Why is URL Filtering required and how it is accomplished
What is URL Filtering?
Suppose you type the name of your favorite social networking site on the web browser and it displays a message like “The policy of this organization doesn’t allow you to browse that website” and does not let you access the site from office, there is a URL filter that has been put in place by your IT department. So, a URL filter is used to basically categorize the websites on the internet and either allow/block the access to them to the web users of the organization either by referring to an already categorized central database (maintained by URL filtering vendors) or by classifying the websites in real time. URL filtering can also be made applicable only during certain times of a day or days of a week, if required.
Why is URL Filtering required?
URL filtering is required to stop the users of an organization from accessing those websites during working hours that:
¤ Drains their productivity
¤ Lets them view objectionable content from work place
¤ Is bandwidth intensive and hence creates a strain on resources
How URL Filtering is done?
URL Filtering is basically done by the URL Filtering vendors by maintaining a highly categorized database of most of the websites in the internet and either allowing access to them or dis-allowing access to them to the internet users of an organization either at all times or during certain times of a day. The policies of which categories of sites is to be allowed/dis-allowed to the users of an organization could be set by the IT department personnel of enterprise companies through a web-based interface provided by URL filters. So, there is a local hardware appliance or software application running on a server that connects to a central database of the URL filtering vendors which enable to block individual websites.
There might be a local database, which is updated fully or partially from the central database. But updating them completely might have its own productivity problems like bandwidth or memory usage. Some vendors update such databases (local) as and when the users visit the websites (it typically takes only few milliseconds to do so).
A website can be categorized in a single category or multiple categories and the blocking can be done appropriately. For example, websites can be allowed to be accessed if they are categorized as sports but not if they are categorized as sports and gambling.

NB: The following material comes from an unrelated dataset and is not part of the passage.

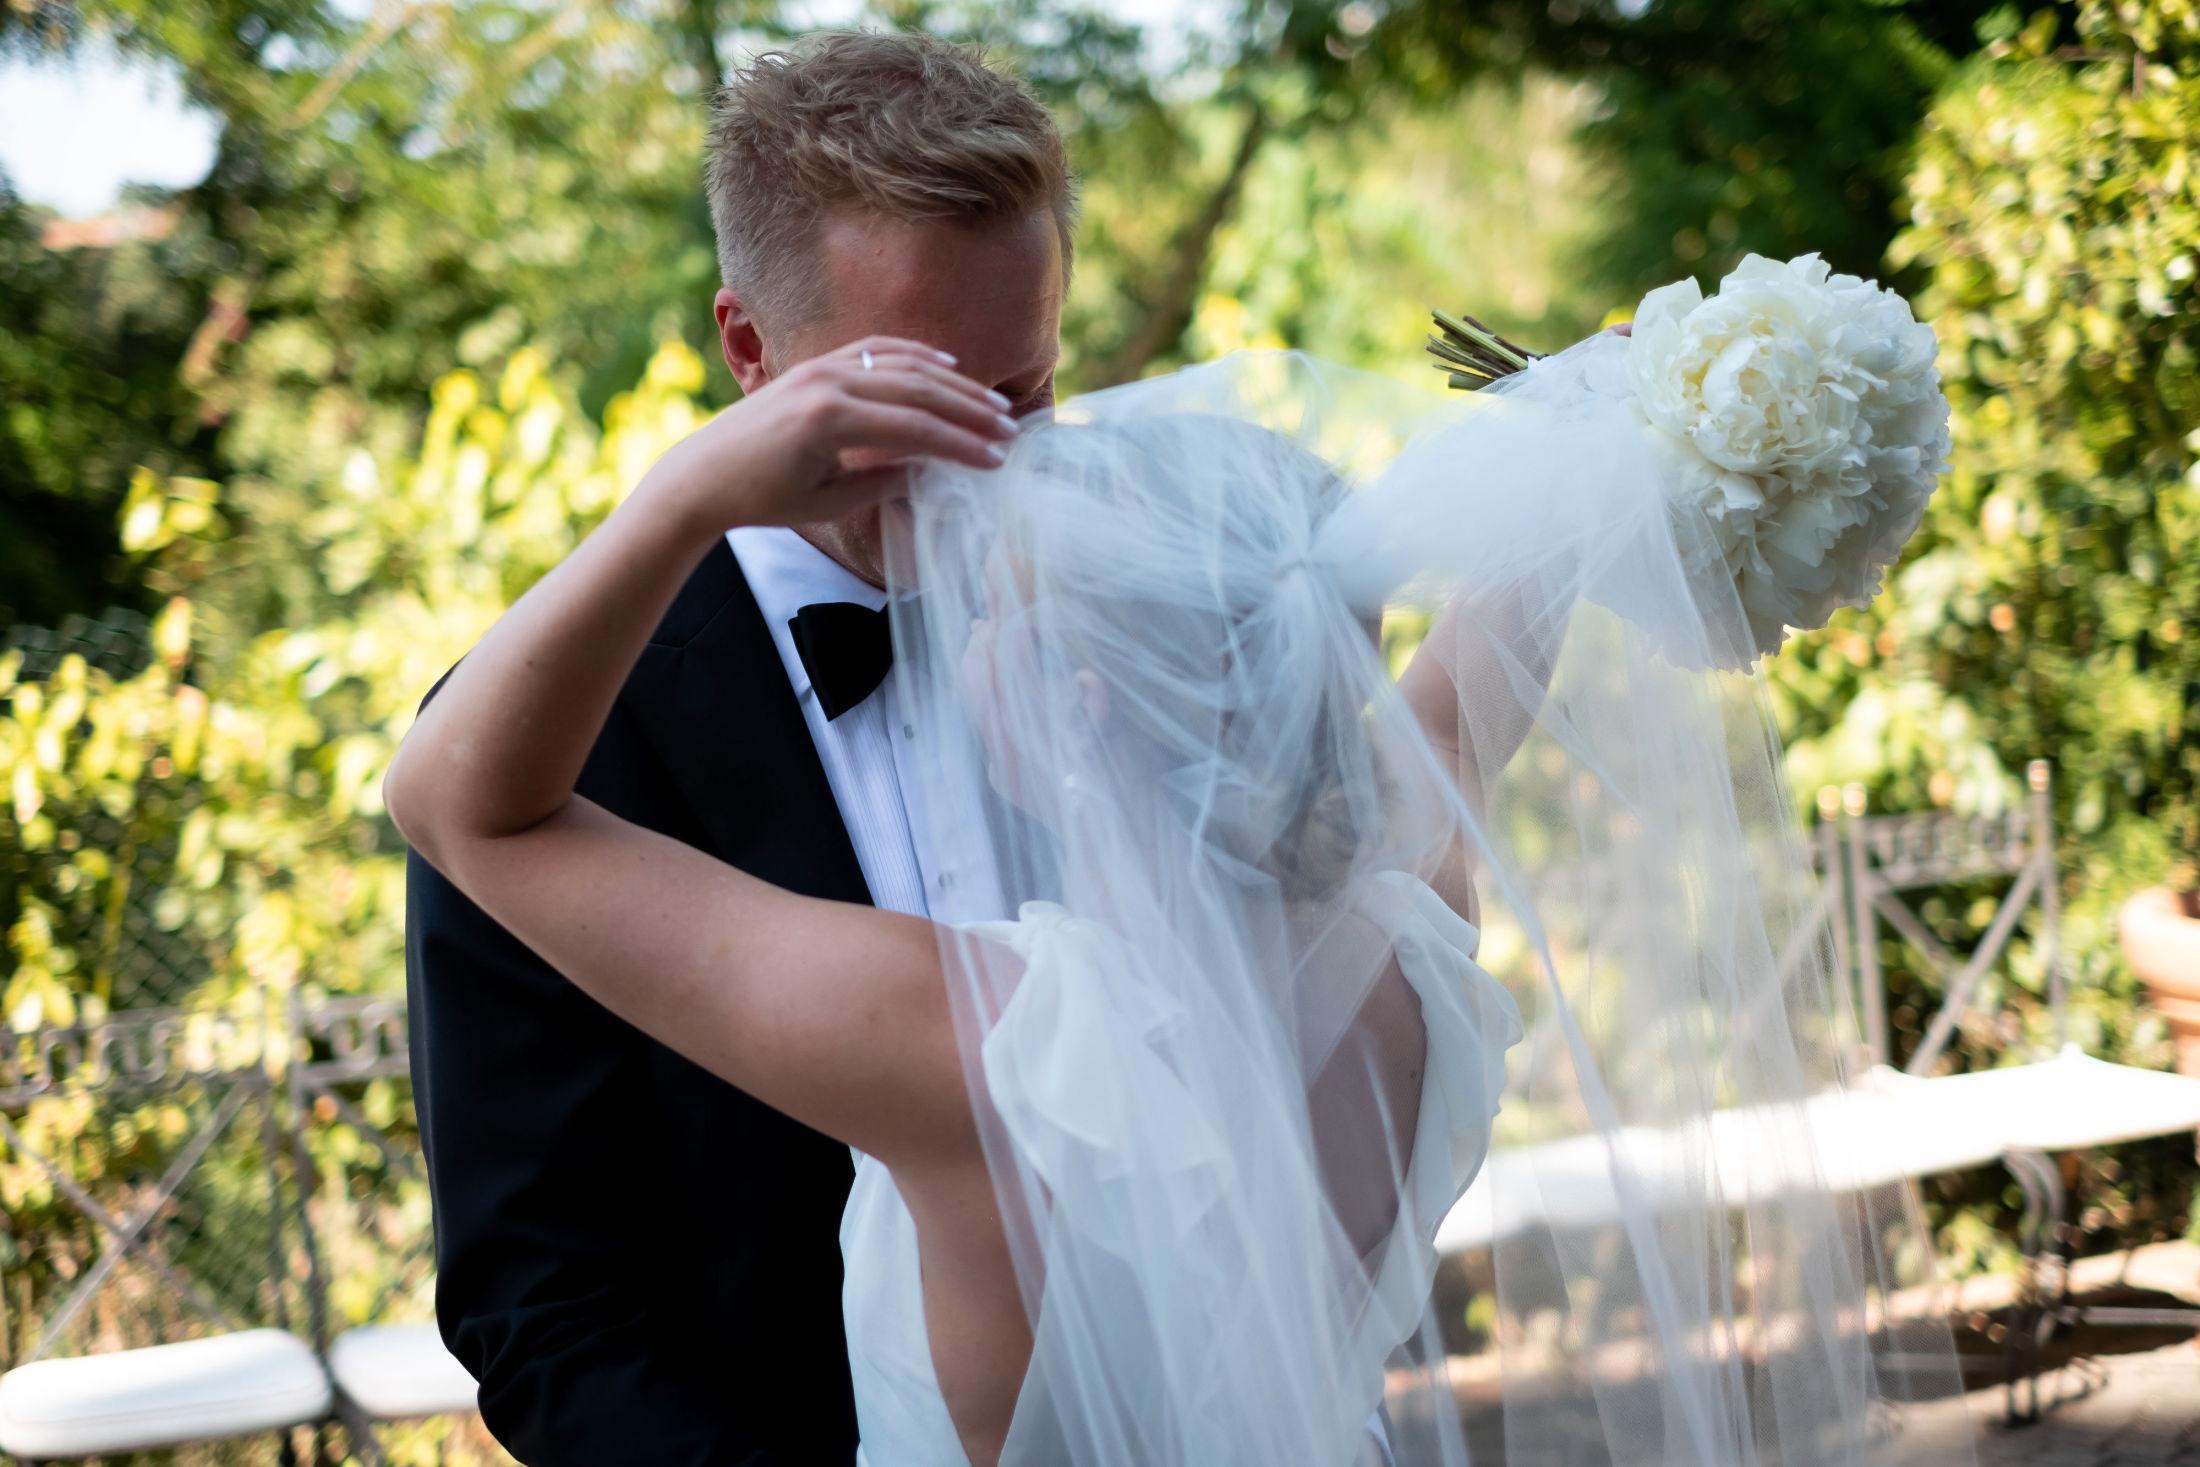 VILLE HA SLØR: Katrine Kvalsund ønsket å ha slør til brudekjolen. Dette ble tilpasset utover dagen. Foto: Privat.
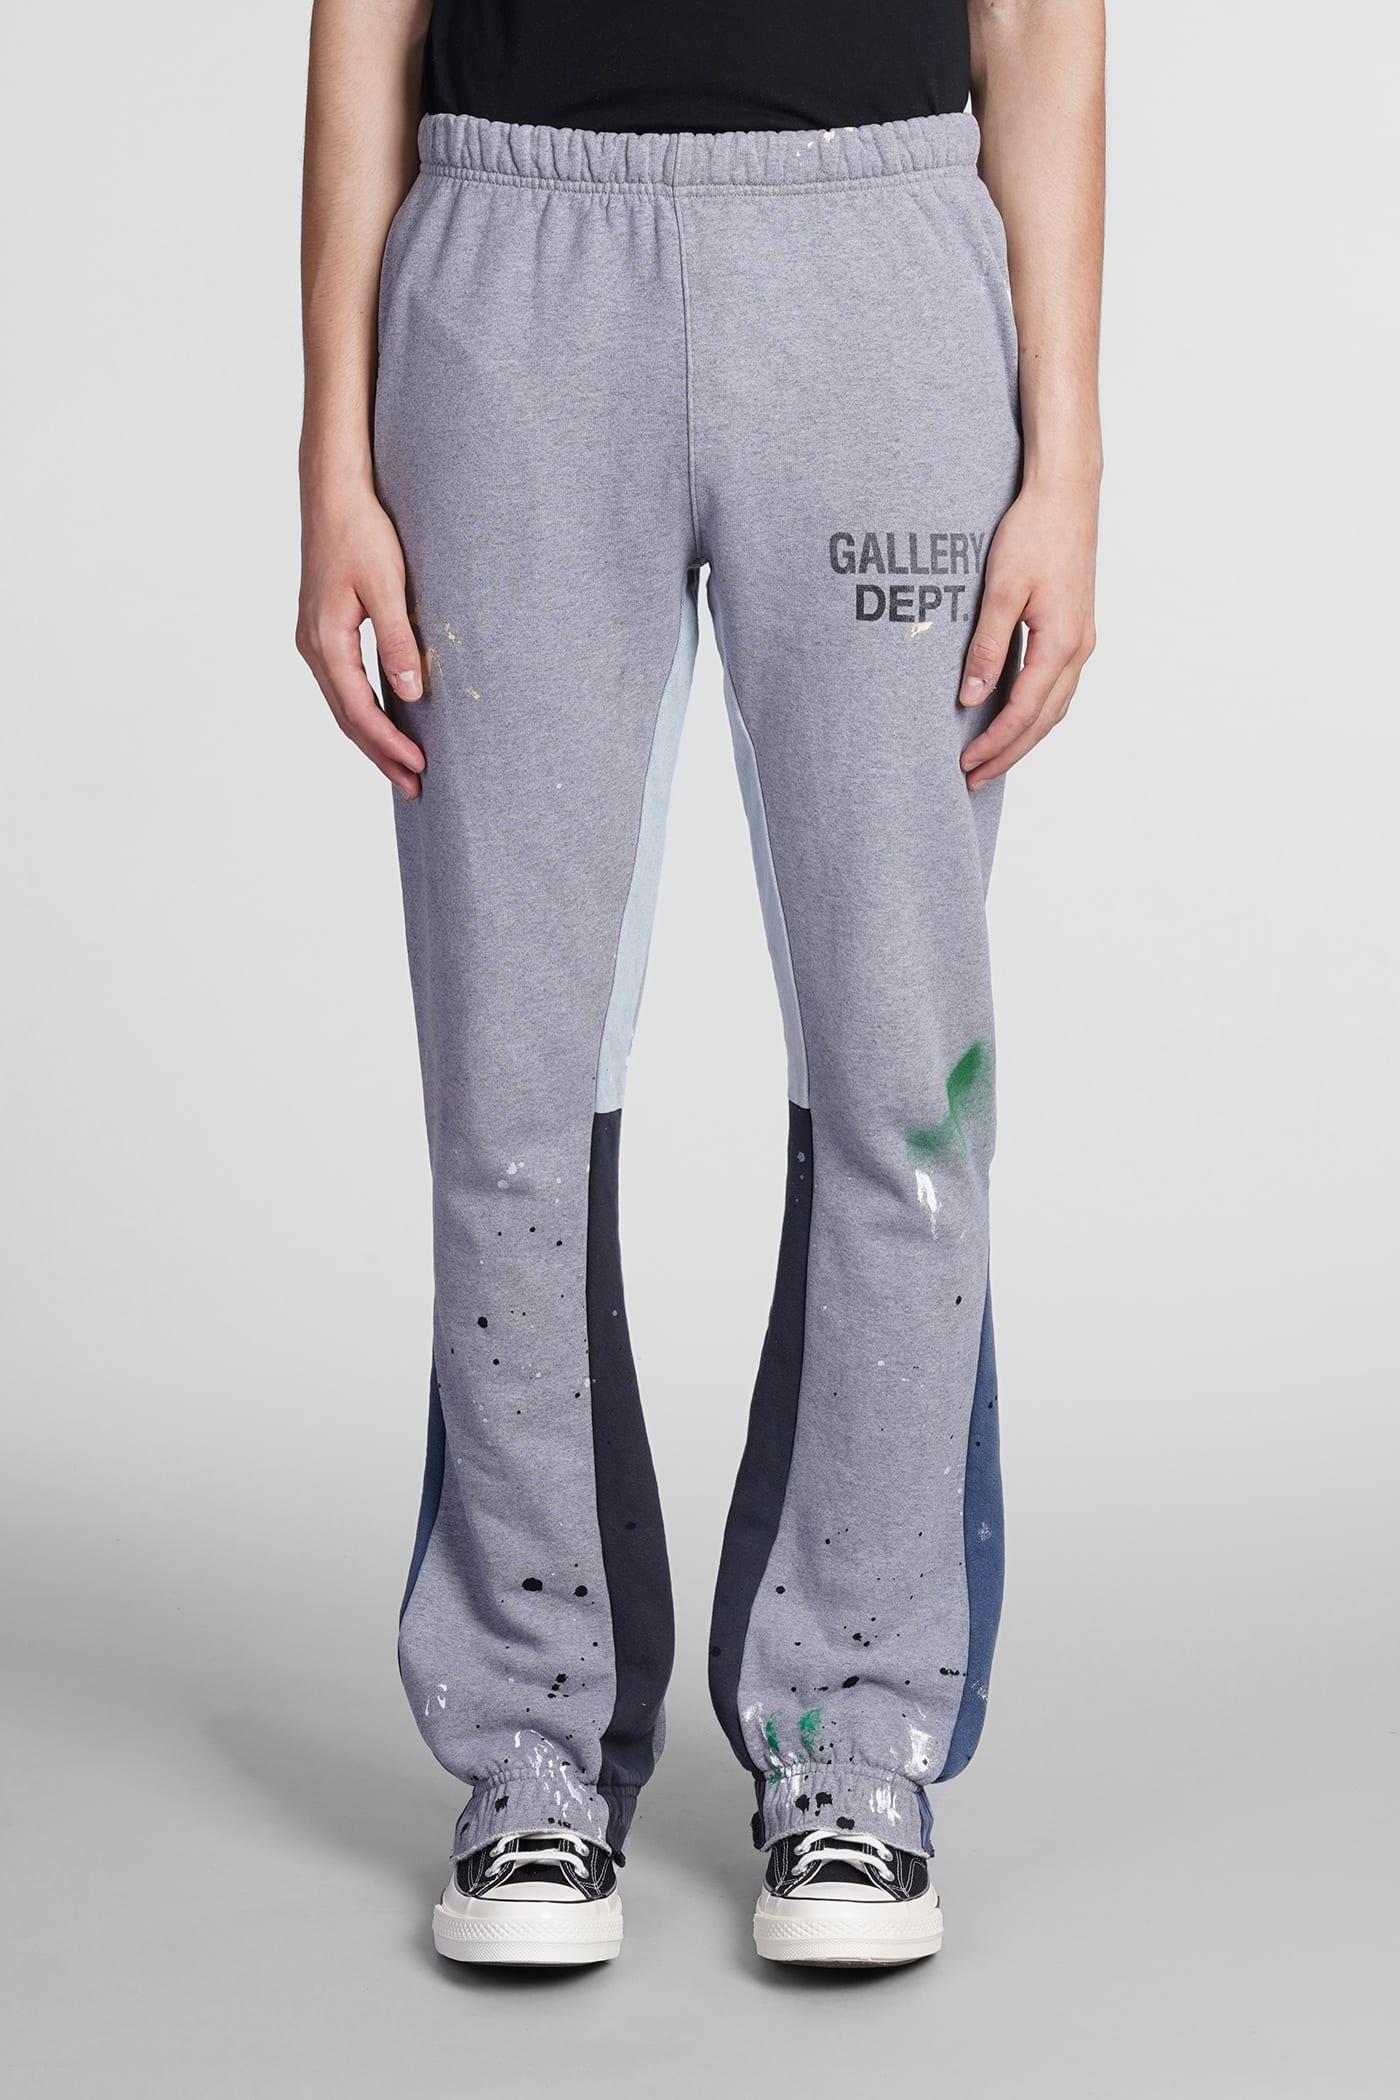 GALLERY DEPT. Pants In Grey Cotton in Grey for Men | Lyst UK

Generally, the URL Filtering companies rate the websites based on their domain names (In addition to the URL’s) as one domain can have multiple URL’s that tend to increase frequently. Optionally, even the IP addresses of the domain names can be included while rating the domains. The sub-domains also need to be classified in-addition to the main domains (For blogs, etc) and the intermediate pages need to be classified in addition to the primary pages or based on primary pages (Like translation sites or sites that display images from other websites). Websites in multiple languages may also be needed to be categorized similarly.
Categorizing websites in Real-time:
Since the internet is so huge, it is practically impossible to categorize the entire list of websites present in it. So, when certain sites are being accessed by the user, the URL filtering systems categorize them ‘on the fly’ or in Real-time. This typically takes only a couple of hundred milliseconds and the local databases are automatically updated along with the central database.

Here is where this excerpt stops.